RA-PTAS is increasingly being used to improve renal perfusion in hopes of ameliorating these problems despite the lack of any level I evidence supporting its use.³⁰ This increase in utilization is likely secondary to increased physician awareness of RVD as a potentially causative factor in severe hypertension and renal insufficiency as well as the perception of minimal morbidity associated with RA-PTAS. Several authors have demonstrated a shift away from open surgical renal artery revascularization and an increase in RA-PTAS, with a net total increase in the number of renal artery interventions performed.³⁰, ³¹ This shift in utilization patterns and increase in RA-PTAS could be harmful to patients if RVD treated in this fashion demonstrates a worse natural history than RVD treated surgically or medically, a distinct possibility in the era of highly efficacious antihypertensive agents such as angiotensin-receptor blockers and converting-enzyme inhibitors. This latter possibility is currently being investigated by the ongoing Cardiovascular Outcomes in Renal Atherosclerotic Lesions (CORAL) trial, which will provide critical information to define appropriate treatment in the future.
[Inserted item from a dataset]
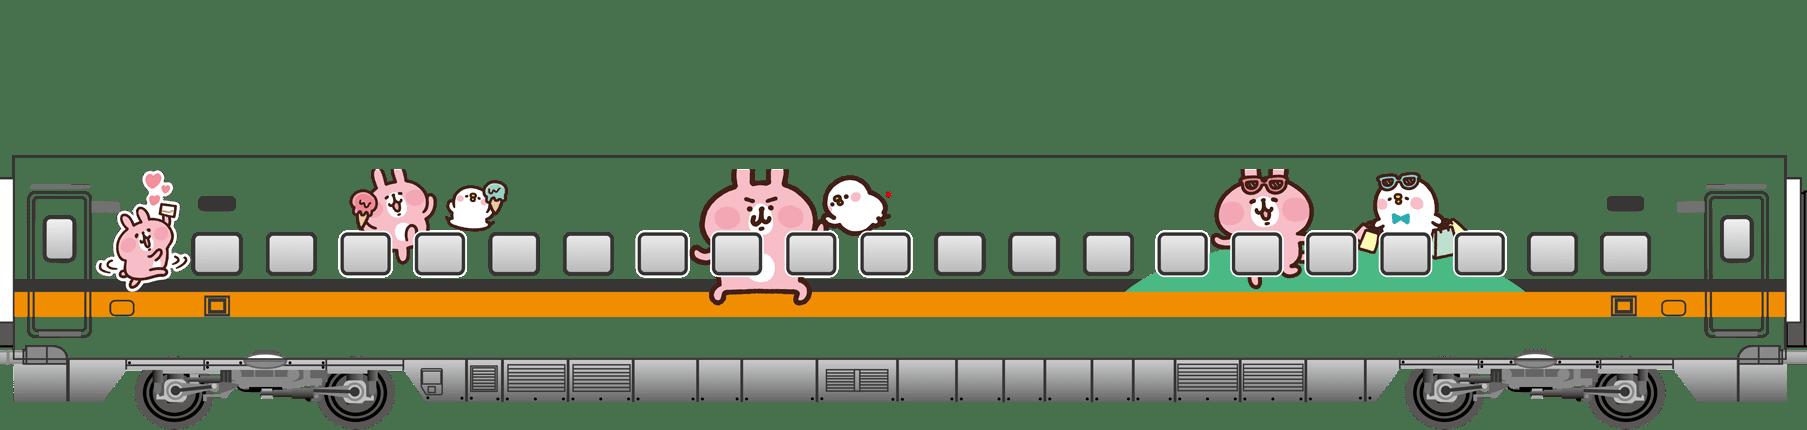 第 8 節車廂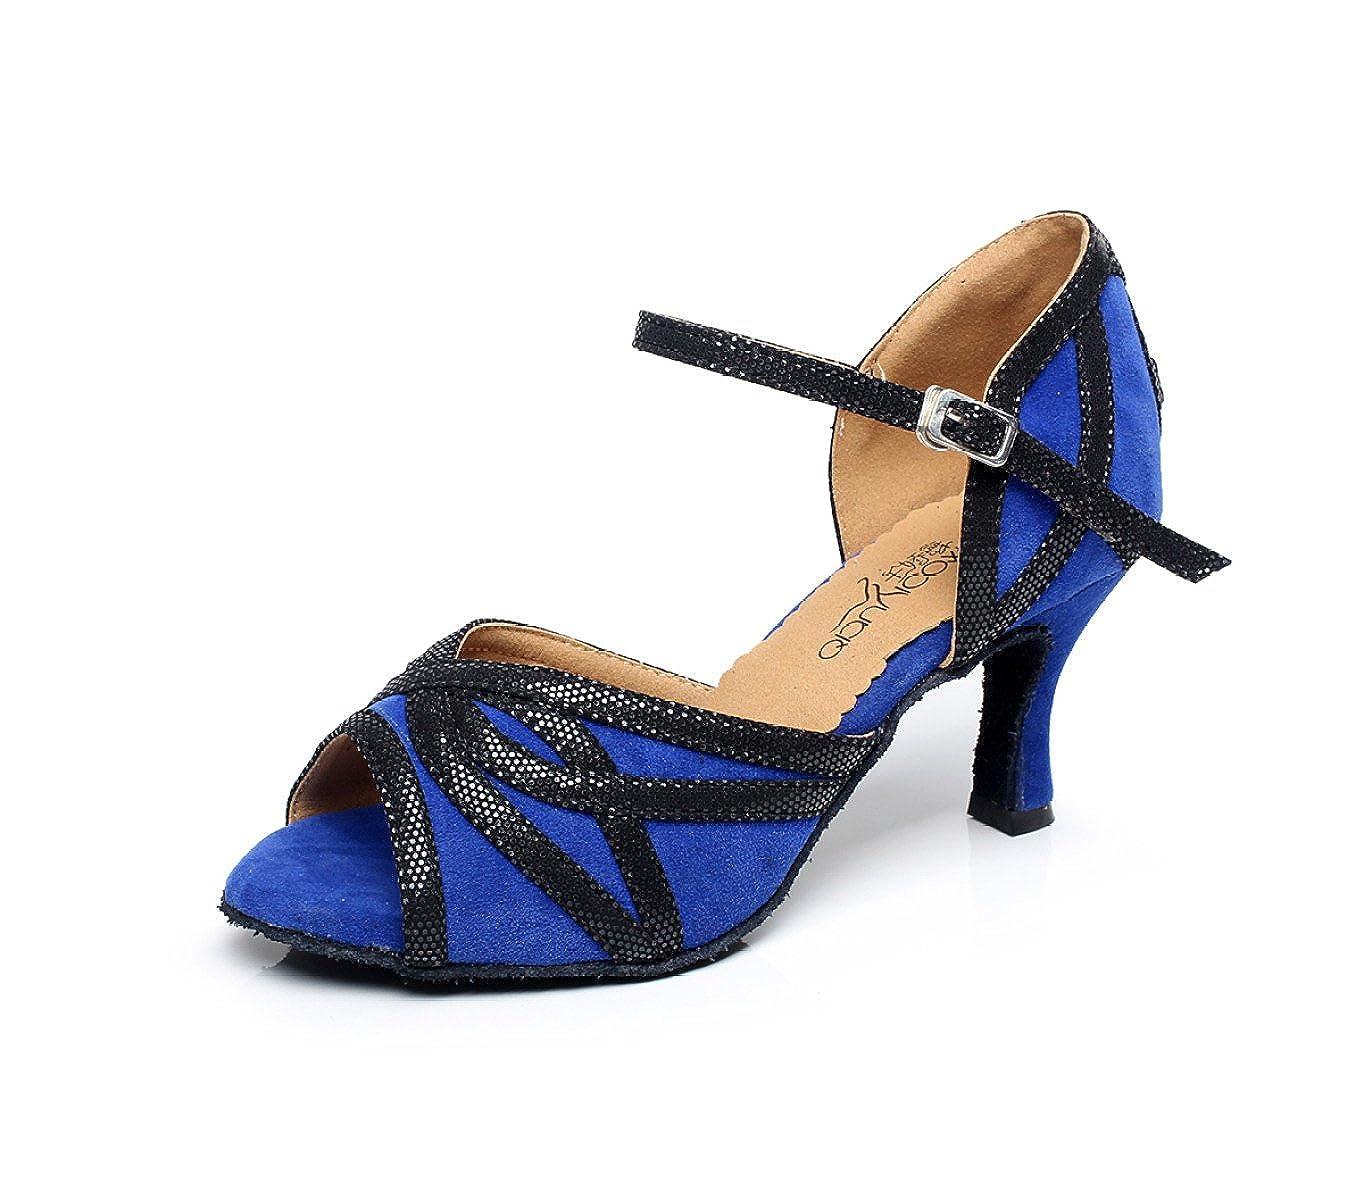 JSHOE Latin Cristaux Danse De Femmes étincelant Satin B07255KPXV Latin Salsa Chaussures De Danse Tango/Thé/Samba/Moderne/Jazz Chaussures Sandales Talons Hauts,Blue-heeled8.5cm-UK5.5/EU38/Our39 - 7d564a6 - shopssong.space

Until those results are available, however, existing data must guide contemporary treatment. Recent reports concerning RA-PTAS⁶, ⁷, ⁸, ⁹, ¹⁰ have observed short-term renal function improvement in 15% to 34% of patients and nearly identical rates of short-term deterioration (range, 8% to 27%). These data are similar to those published in a recent meta-analysis,³² and they compare poorly with the reported results of surgical revascularization where short-term renal function improvement has been observed in 45% to 55% of patients and deterioration in 5% to 8% of patients.¹¹, ¹³, ³³, ³⁴

Short-term renal function response is an extremely important outcome, one that has been repeatedly demonstrated as a robust predictor of post-revascularization survival if improved, and subsequent death or progression to dialysis, or both, if diminished.¹¹, ¹², ¹³, ³³, ³⁴ Changes in eGFR may be small in absolute terms, especially in patients with renal insufficiency, but relatively large in terms of overall residual function. In a report previously published by our group,¹¹ renal function improved and worsened by ≥20% following renal revascularization significantly and independently improved and worsened, respectively, dialysis-free survival across all strata of preoperative renal function.
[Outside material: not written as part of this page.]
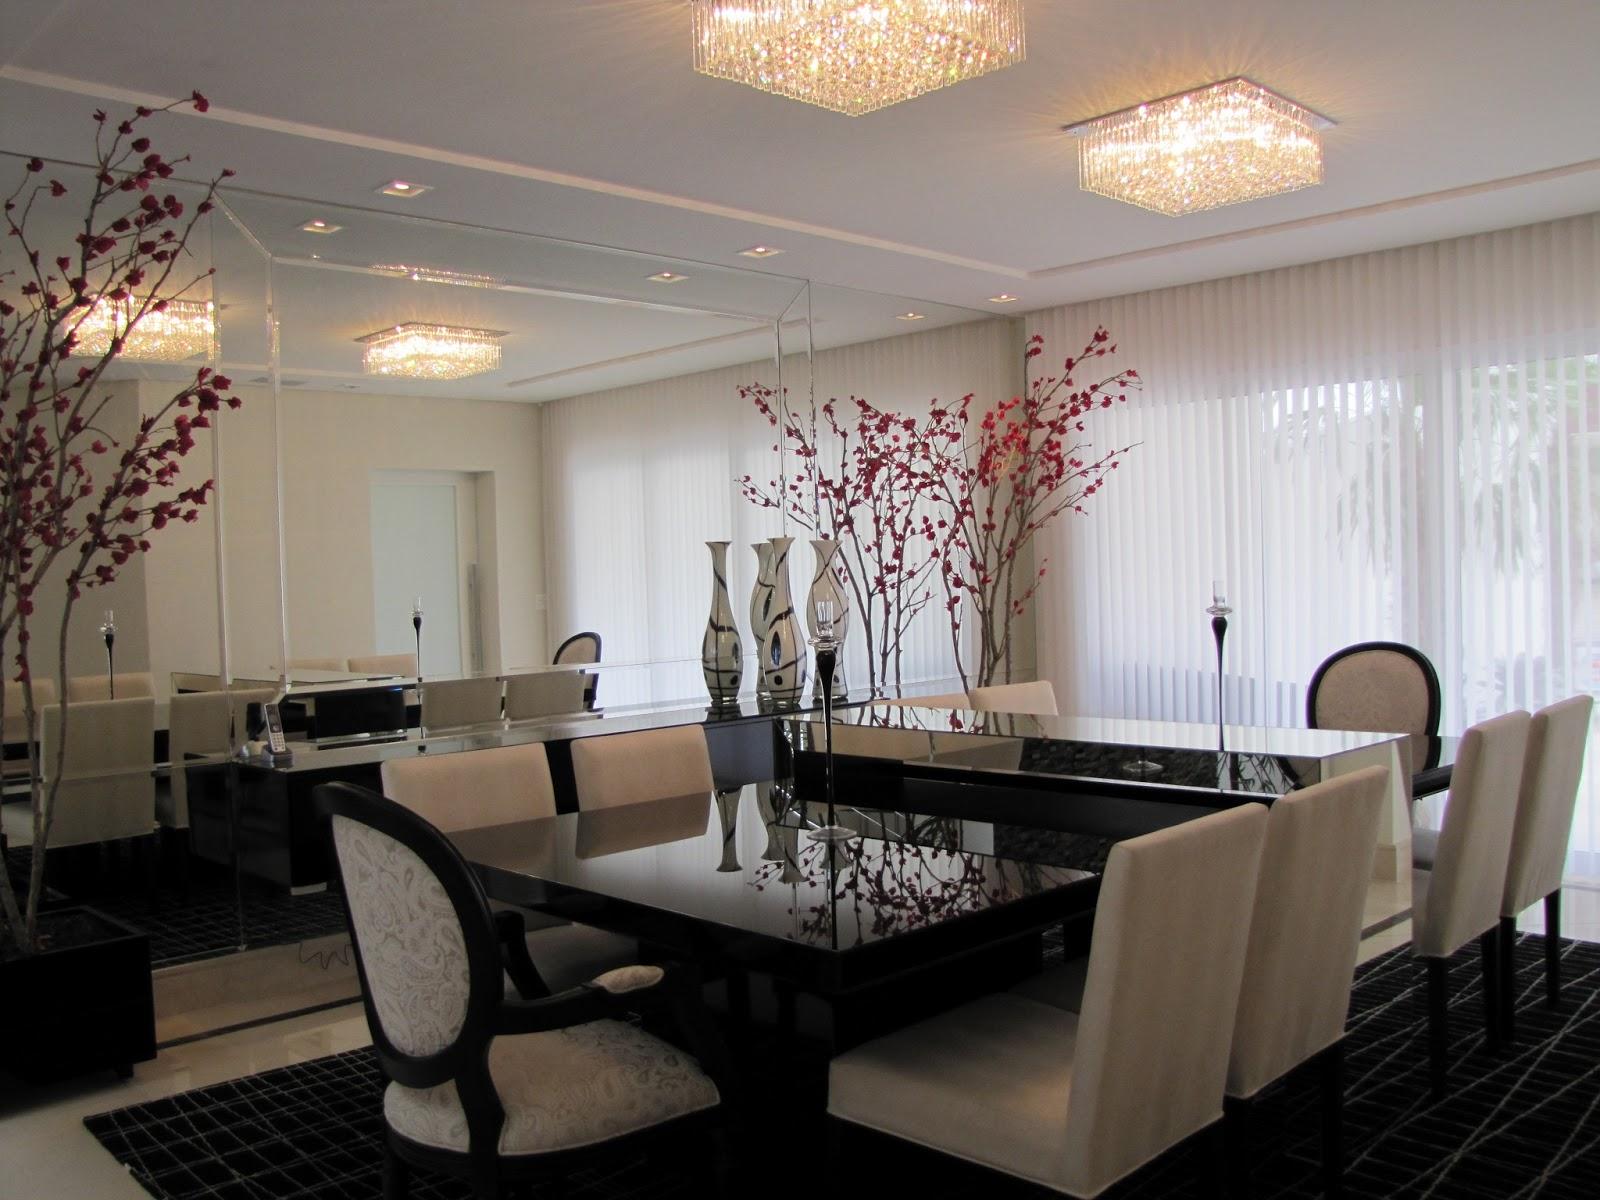 #966835 sala de jantar e estar pequenas no mesmo ambienteIdéias de  1600x1200 píxeis em Decoração De Sala De Estar Com Jantar Pequena

Renal function unchanged (or “stabilized”) had differing effects, however, according to the level of preoperative renal function. In individuals with severe preoperative renal insufficiency, unchanged renal function predicted a risk of death or progression to dialysis similar to that observed with renal function worsened. In individuals with more normal preoperative renal function, unchanged renal function predicted similar dialysis-free survival to that observed with renal function improved.

These results strongly suggest that renal function worsened after revascularization is an adverse outcome in all patients, regardless of the level of preoperative renal function. These results also question whether the concept of stabilized renal function is valid in patients with preoperative renal insufficiency and underscore the potential importance of the observations we have reported here that use of DEP was associated with no occurrence of short-term renal function deterioration.

Observed blood pressure responses, though, were less promising in this series, with only 35% of patients demonstrating improvement by American Heart Association guideline definitions. Several explanations exist for this observation, including follow-up too short to allow for detection of improvement, or coexisting severe essential hypertension or lack of downregulation of the renin-angiotensin system due to inadequate RA-PTAS results, or both. Review of our data did not demonstrate improvement of hypertension over longer follow-up, and all procedures used either post-RA-PTAS measurement of pressure gradients or renal duplex sonography with remediation of any observed residual lesions.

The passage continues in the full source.